After applying WGCNA and SOM (for details see Methods section), the
genes were clustered into 15 distinct groups (see [80]Fig. 5)—a higher
number than the eight clusters used by Lawrence et al. [[81]42]. This
increased number of clusters allowed for a more precise differentiation
of DEGs based not only on their temporal expression patterns but also
on their expression values, which proved beneficial for subsequent
analyses. To assess the biological significance of the clusters, we
compared our results with those of Lawrence et al. [[82]42]. Consistent
with their findings, we also identified that the clusters can be
grouped into three prominent functional temporal gene modules
corresponding to the main phases of liver regeneration: early response
(Clusters 4, 5, 7, 8, 9, 10, 11, 12, 13, 14, and 15), proliferation
(Clusters 3 and 6), and long-term recovery (Clusters 1 and 2). Each
module comprises genes with specific functions that are activated
during distinct stages of the recovery process of the liver. SOM
generates results based on random seeds, meaning that the outcomes may
vary slightly for individual clusters with each run. However, this does
not affect the overall functional modules of regeneration. The key
processes associated with each module were determined using functional
enrichment analysis using the Enrichr database [[83]47] and are
outlined to highlight their relevance to the overall biological
context. The detailed figure of the gene ontology (GO) and pathway
enrichment analysis is provided in the [84]Supplementary Fig. 1. All
gene clusters and their corresponding top driver genes are provided in
the [85]Supplementary Materials.
Figure 5.
[86]Figure 5.
[87]Open in a new tab
Temporal gene modules. A visual representation of the temporal gene
expression patterns across 15 distinct clusters, which were
subsequently grouped into three modules, during the liver resection and
regeneration process. The bold lines represent the mean log2 fold
change relative to preoperative values, and the shaded regions indicate
the standard deviations.
* Early-response module (Clusters 4, 5, 7, 8, 9, 10, 11, 12, 13, 14,
and 15): This module consists of genes that peak within the first
24 h post-PHx. These genes are primarily involved in the
inflammatory response and early ECM degradation and remodeling.

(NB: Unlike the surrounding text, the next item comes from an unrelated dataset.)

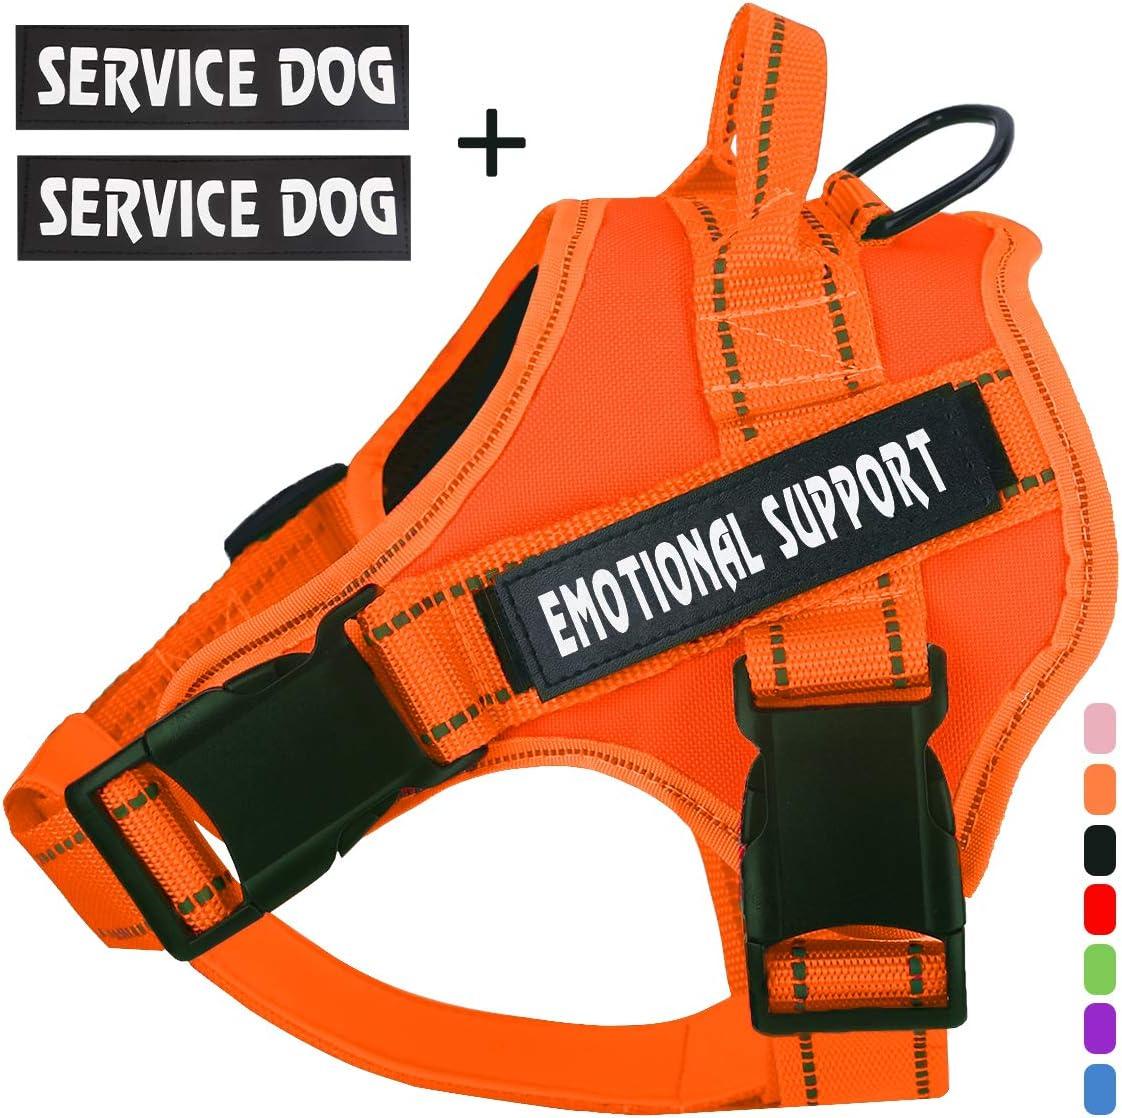 PET EMOTIONAL THERAPY PTSD MESH SERVICE DOG VEST REMOVABLE REFLECTIVE PATCH MA#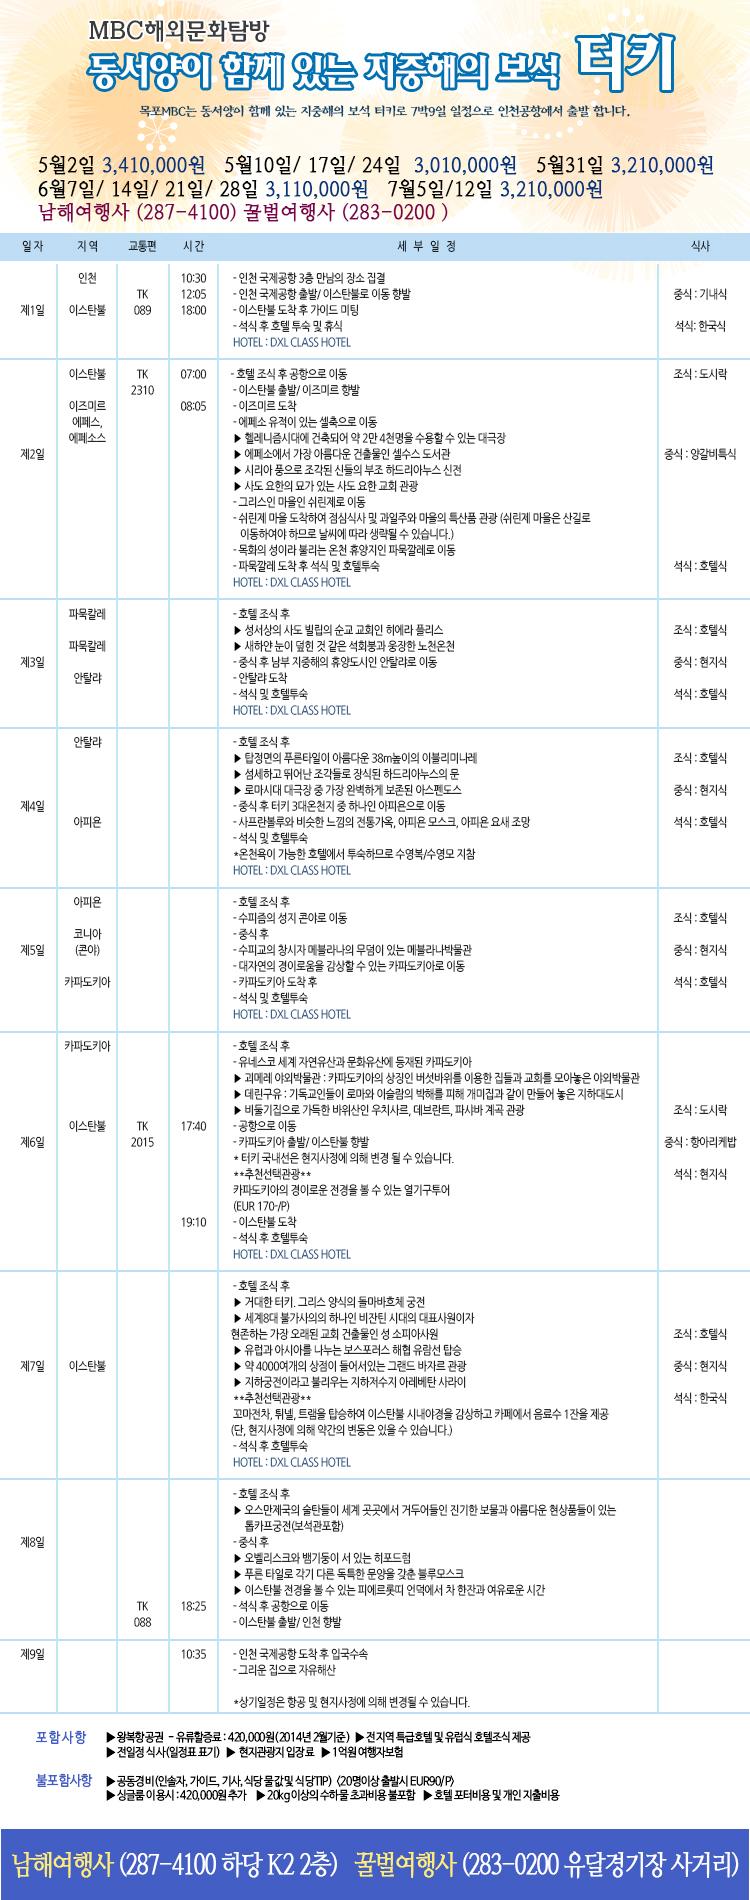 MBC해외문화탐방 터키 오스만제국 행사정보

This triggers immune cell recruitment and matrix breakdown, which
are crucial for initiating the regenerative process. Key genes in
this module include SLC39A1, which is involved in zinc transport
and immune regulation; IFNGR2, critical for immune response and
inflammation; CMTM4, which modulates cytokine signaling; SEMA6C,
guiding immune cell migration and tissue repair; IGKV1-33, playing
a role in immune response through immunoglobulin synthesis; LGMN, a
protease responsible for ECM degradation; CCR6, mediating immune
cell recruitment to injury sites; FES, a tyrosine kinase
participating in ECM remodeling; ADM, a cytokine involved in
vasodilation and inflammation; and WNT2B, part of the Wnt signaling
pathway that promotes cell proliferation and tissue regeneration.
The temporal peak of this module aligns with the critical early
stages of liver regeneration, where tissue damage needs to be
repaired to create a favorable environment for cell proliferation.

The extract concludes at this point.